リョウは少々複雑な気持ちになってしまった。好きなキャラが死ぬというのは結構きつい事があるから。
「かわいさもあるけど、性格とか、あと乗っている機体も好きだね」
テファの機体は、銃などの遠距離からの攻撃を得意としていて、何よりの特徴は、背中にある白い大きな翼だ。
「あの翼が綺麗で好きなんだよ。ロボットっぽくないし、天使みたい!」
天羽は大きく手を広げて言った。
「そっか。俺も好きだなぁ」
「アモルもあんな感じで、護ったり、援護したりで、助けたいな」
「お母さんを?」
「うん」
「お母さんが好きだな」
「そうだよ!リョウお兄ちゃんはママのこと嫌い?」
また答えにくい質問をしてくる。リョウはしばし顎に手を置いて考えた。
「…そうだなぁ……俺は、嫌いじゃないけど。苦手なのかな…?」
「そうか…。まぁ人には得手不得手というものがあるよね」
「まぁ…ね」
自分より小さな子供にこんなセリフを言われると、年上として振舞う自信が無くなる。
アモルはうんうんと頷いてアニメの方へ眼を戻す。
「さあ!続きを観よう!早く次の話が観たいんだよ!」
さっきの26話の最後でレイザードが知らない兄を名乗る人物が現れ、そのままエンディングになる気になる終わり方だったのだ。
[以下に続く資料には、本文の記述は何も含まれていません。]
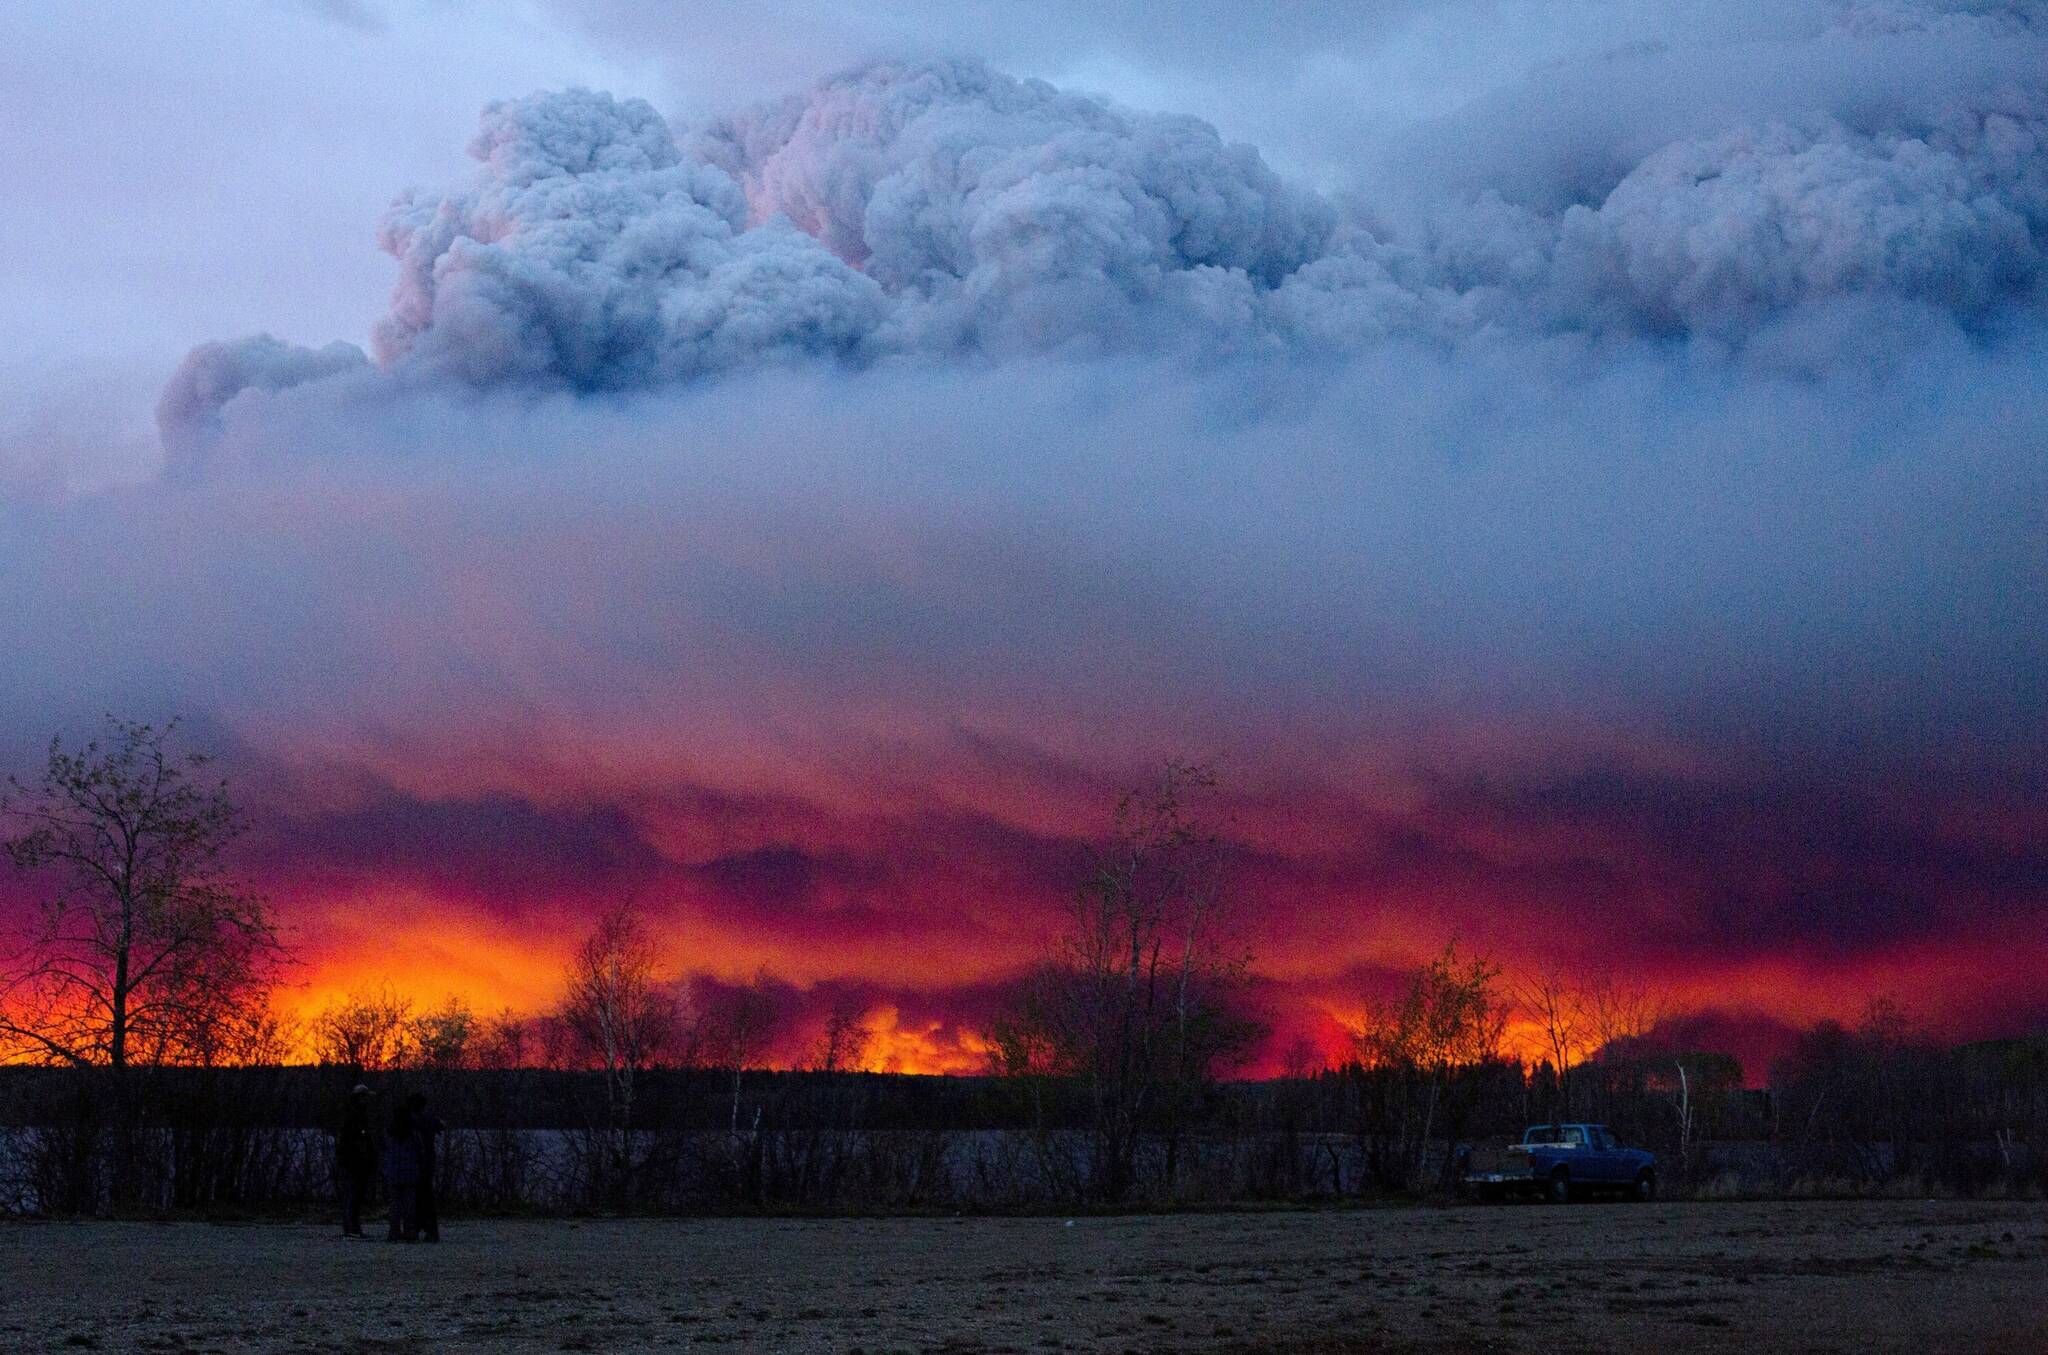 A wildfire moves towards the town of Anzac from Fort McMurray, Alberta., on May 4, 2016. Smoke from boreal fires in 2021 contributed the most to global fire CO2 emissions since 2000, according to a new study in Science being released with a press briefing at the annual AAAS meeting. Using satellite-based atmospheric measurements, researchers from around the world determined that boreal fire smoke made up 23% of global fire CO2 emissions when it typically accounts for 10% of these emissions. (Jason Franson/The Canadian Press via AP, file)

たしかに何故マルナがアニメなど観せるなと言うのかわかった気がした。この設定、アモルとアモルの知らない姉、シュルムの関係に当てはまる。
「次が気になる?アモルちゃん」
「うん!だって、今まで見ず知らずだったお兄さんが出て来たんだよ!?しかも、機体がかっこいいし!」
レイザードの兄、ガンレインは格闘家としても強く、しかも、ガオウバインの元となった機体ガロウバインに乗る、外見はガオウバインの銀色一色バージョンの様なもので、なかなか人気のある機体だ。アモルがかっこいいと言ってもおかしくはない。
「アモルちゃん」
「なんだい?リョウお兄ちゃん」
リョウは聞いてみたくなった。自分に本当は姉がいて、それが自分と同じアプリエイター。しかも、イヴ製薬に掴まって、今まで酷い事をされてきたことを知ったらなんというか?その姉が脱走していると聞いたら何と思うか?
リョウは唾をゴクリと飲んで口を開いた。
「もしさ、自分に知らない兄弟なんかがいたらどうする…?」
「……」
アモルはリョウの顔を見て止まる。
「……」
しばらく見つめ合う。アモルが思考を巡らせて、リョウの考えていることを考察してしまったかもしれない…。そんな風に思った。
「うーん。そうだね。逢いたいな。もしそんな人がいるんなら、お話しして、ママと一緒にいたい」
アモルはそう言って、にっこりと笑った。そして、続ける。
「だから、アモルはリョウお兄ちゃんにもママと仲良くしてもらいたいな!」
「…あはは。そっか」
リョウは笑うしか出来なかったが、何だか嬉しくなった。それと同時に、複雑な気持ちになったのだった。
「さて、次を観ようじゃないか!」
アモルは意気揚々と再生ボタンを押した。